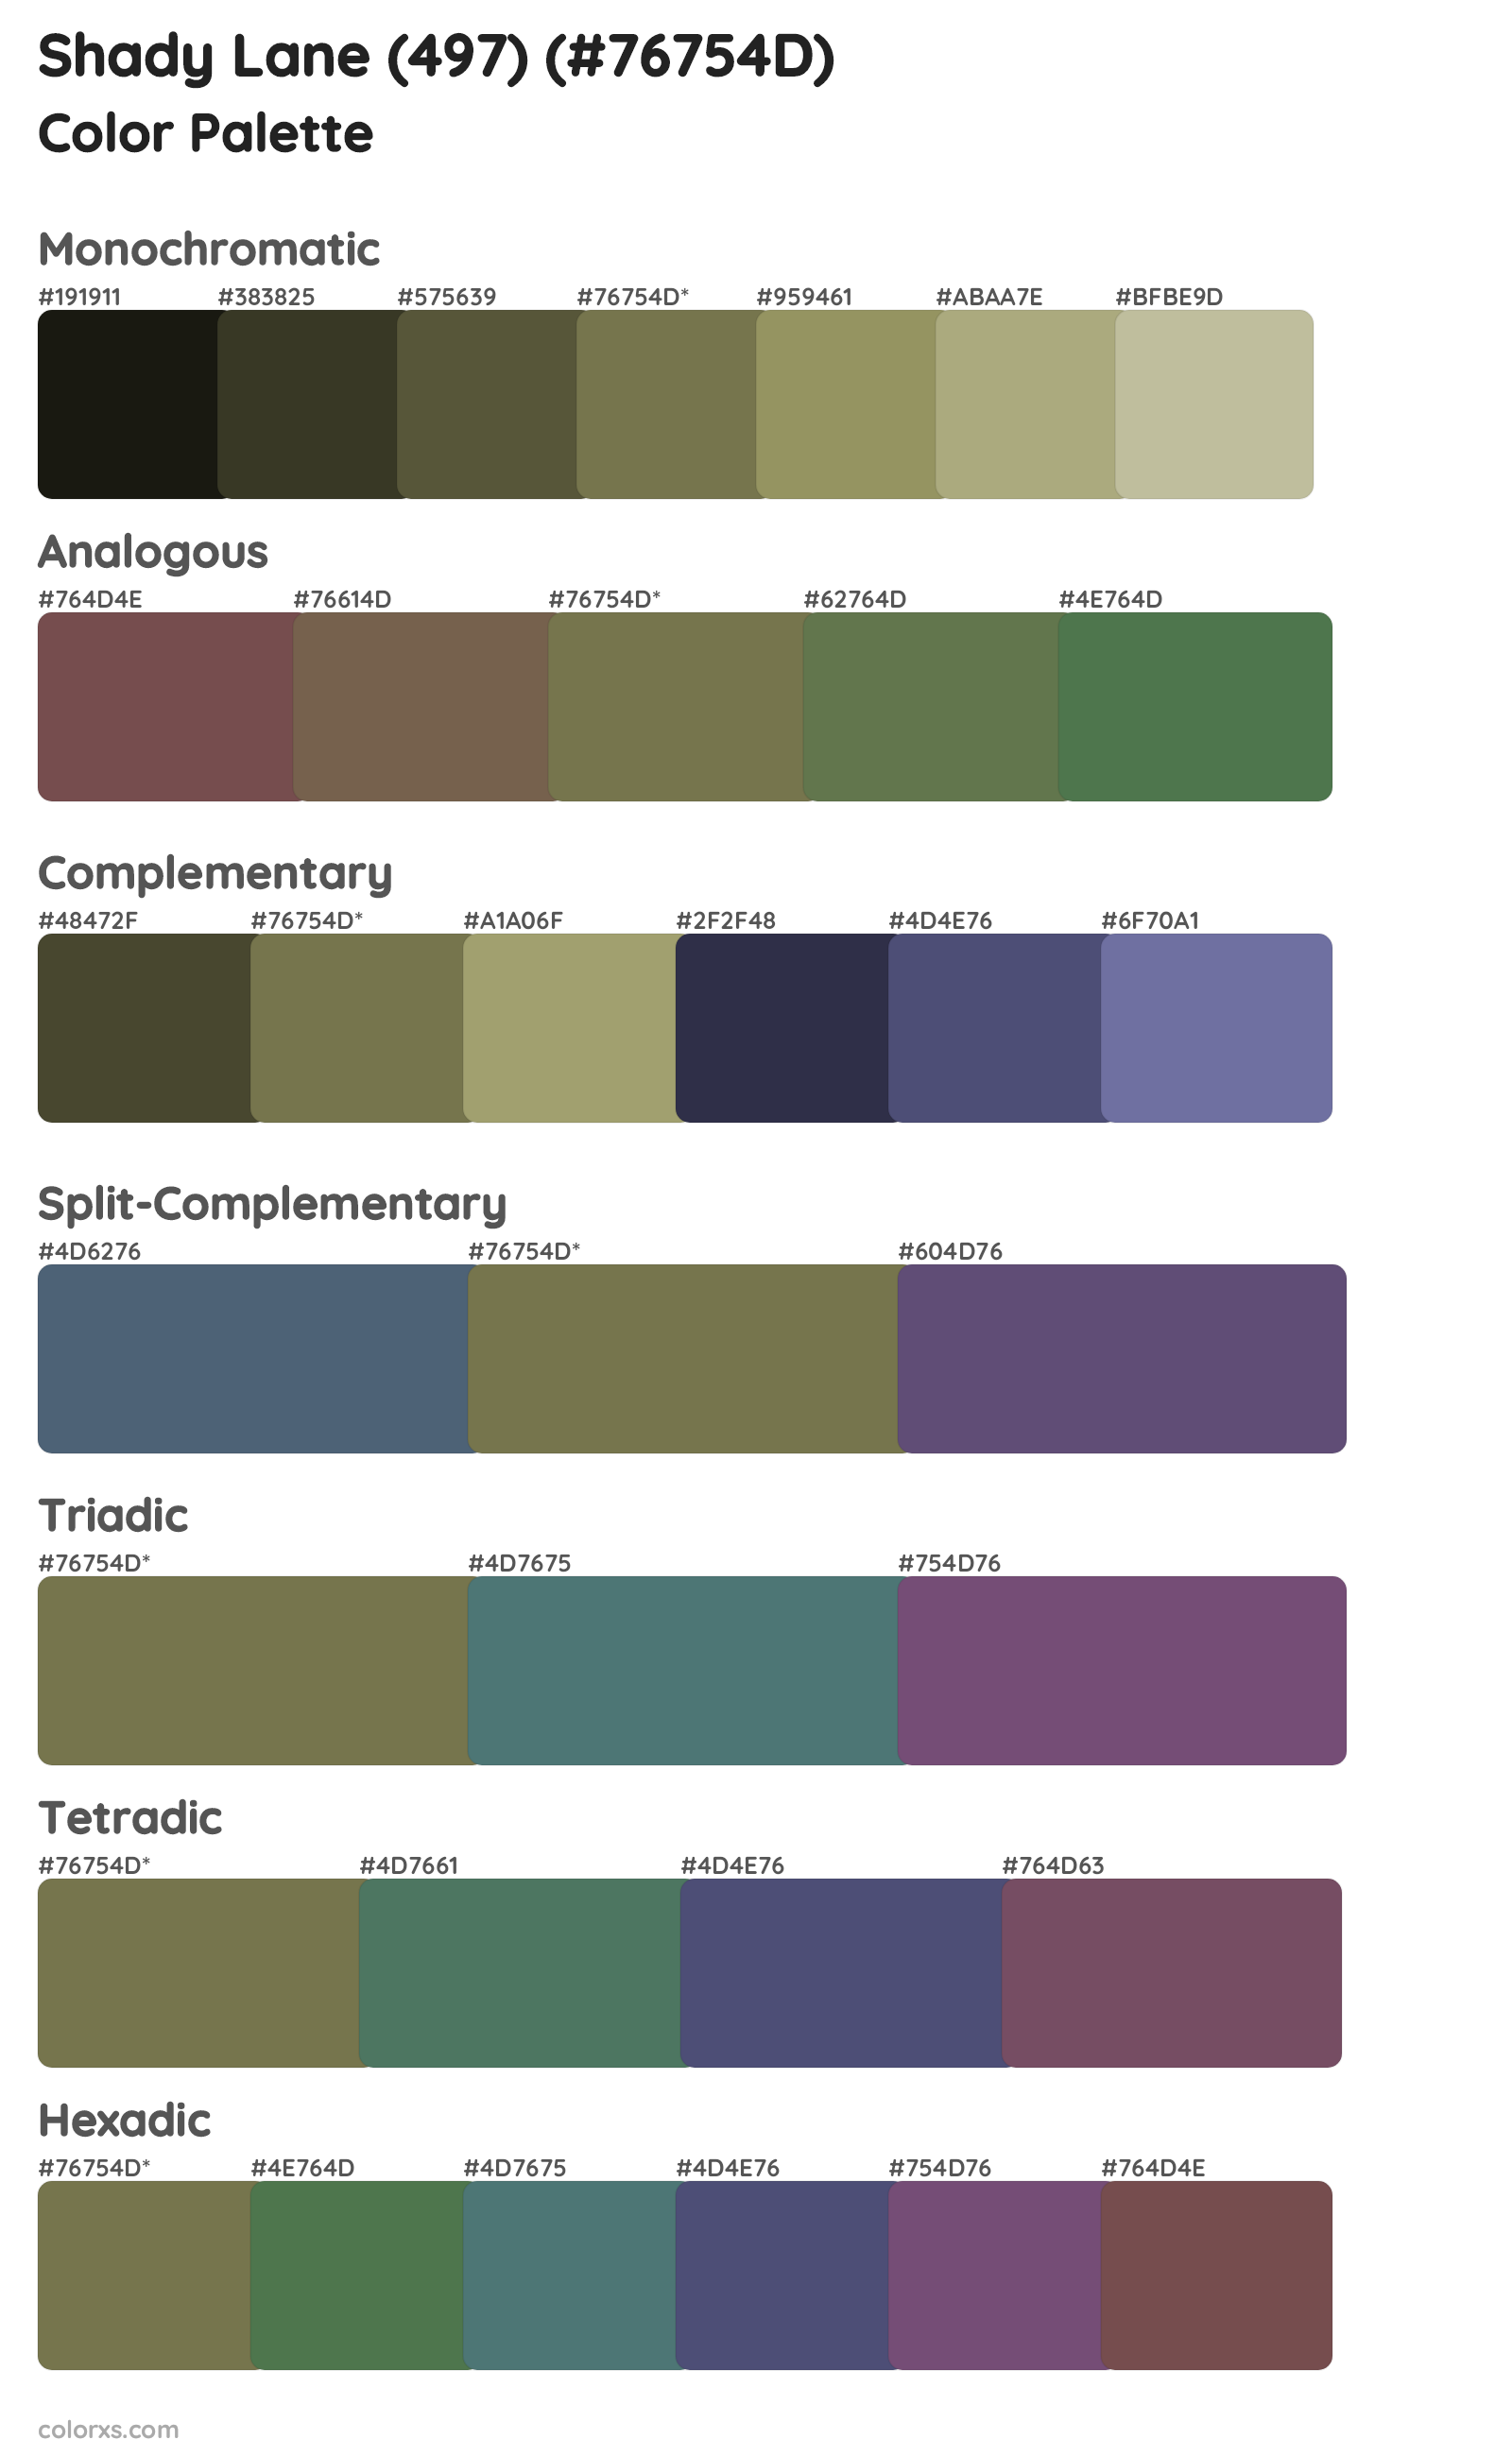 Shady Lane (497) Color Scheme Palettes
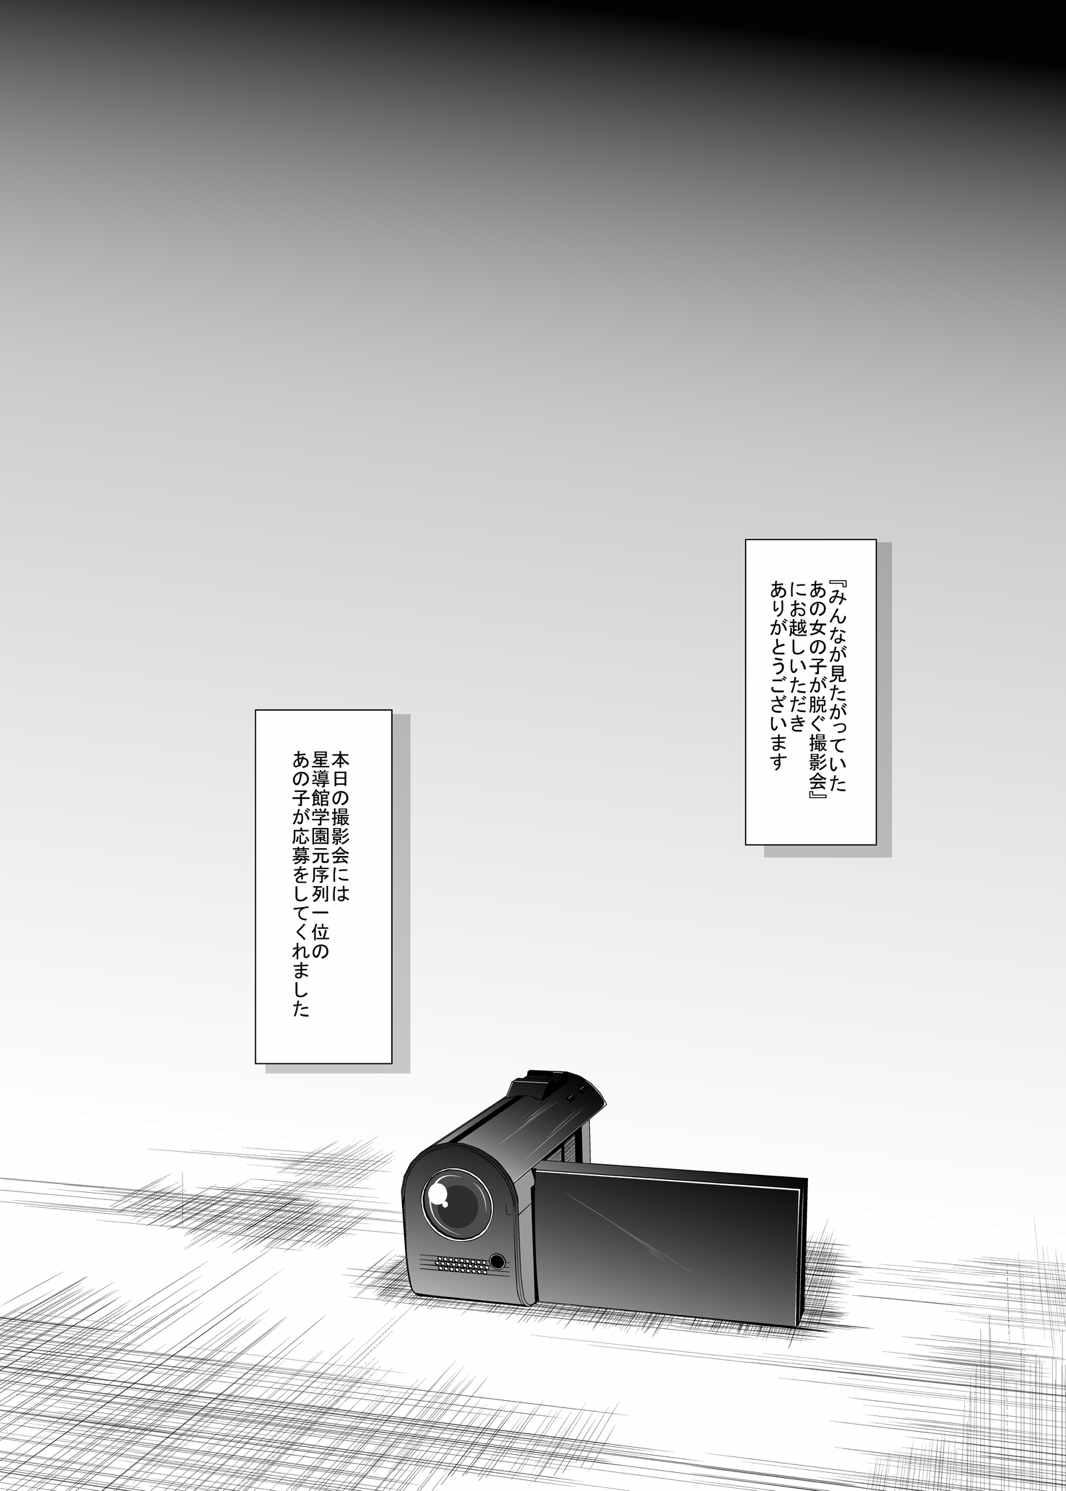 Livecam Hajimete no H na Satsuei-kai - Gakusen toshi asterisk Bubble - Page 3
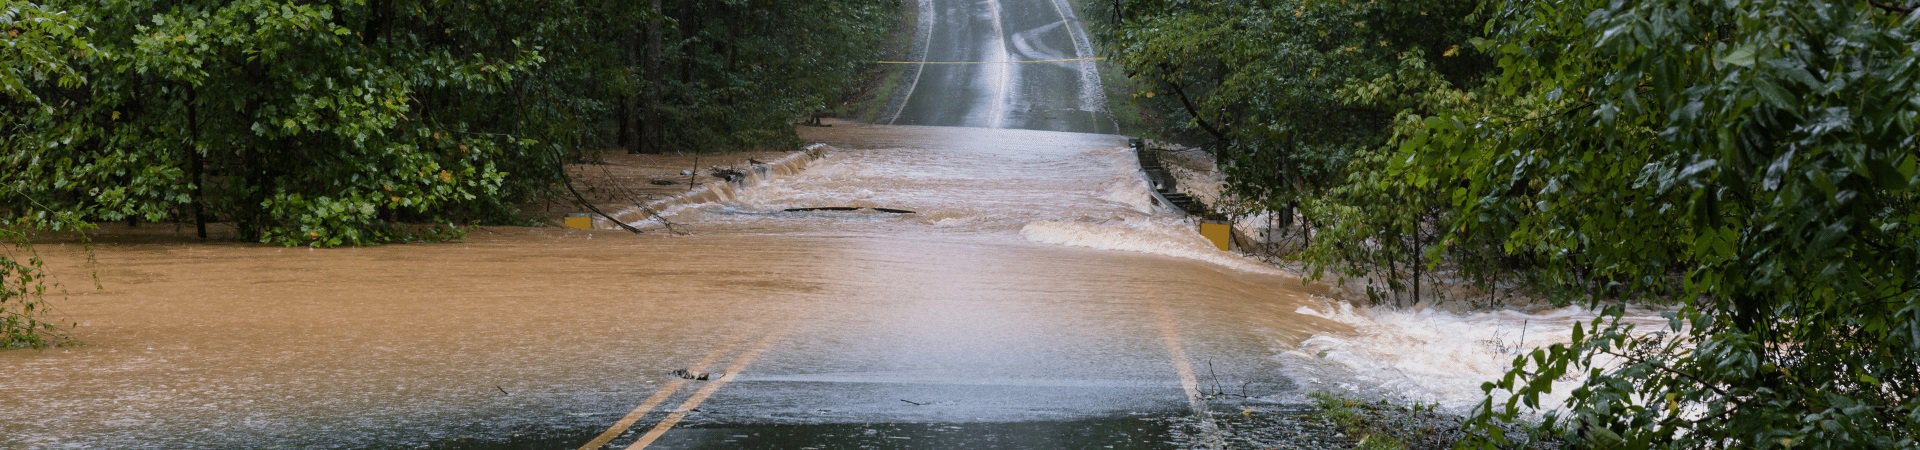 Flood on road
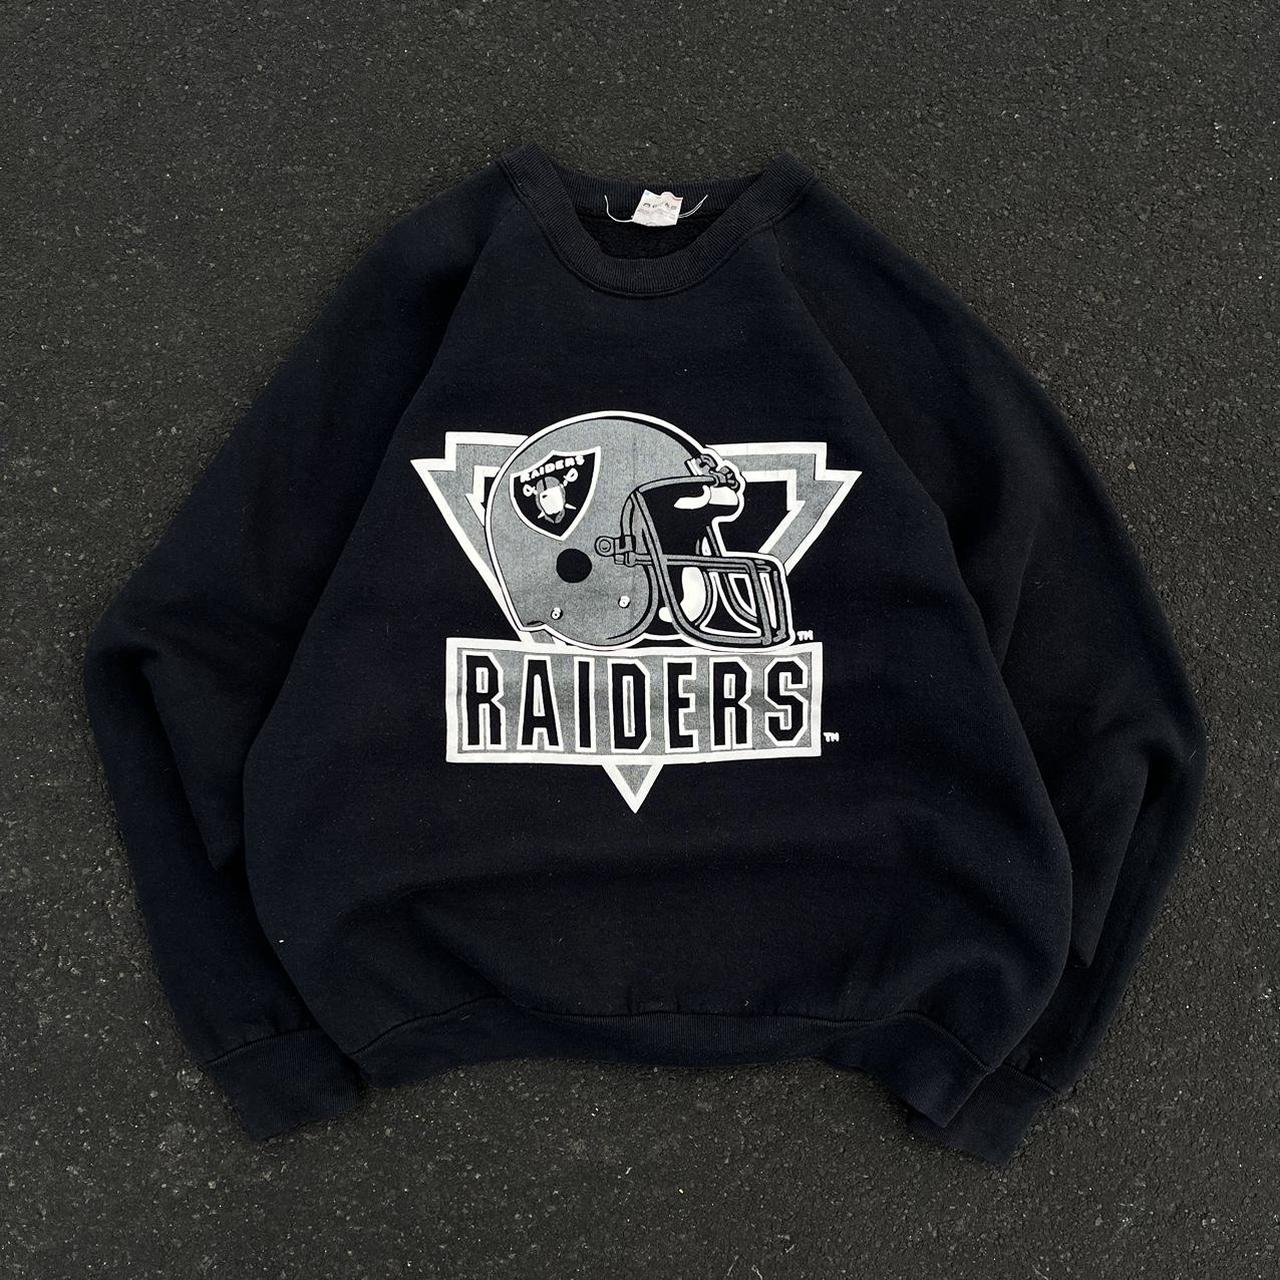 Vintage 80s NFL Raiders Crewneck Sweatshirt Tagged - Depop

□ □ □ □ □

» **Exercise directions**: Retype the data above verbatim, minus images.

» **Task output**:
 Shady Lane (497) Color Scheme Palettes
 Livecam Hajimete no H na Satsuei-kai - Gakusen toshi asterisk Bubble - Page 3
 Flood on road
 Vintage 80s NFL Raiders Crewneck Sweatshirt Tagged - Depop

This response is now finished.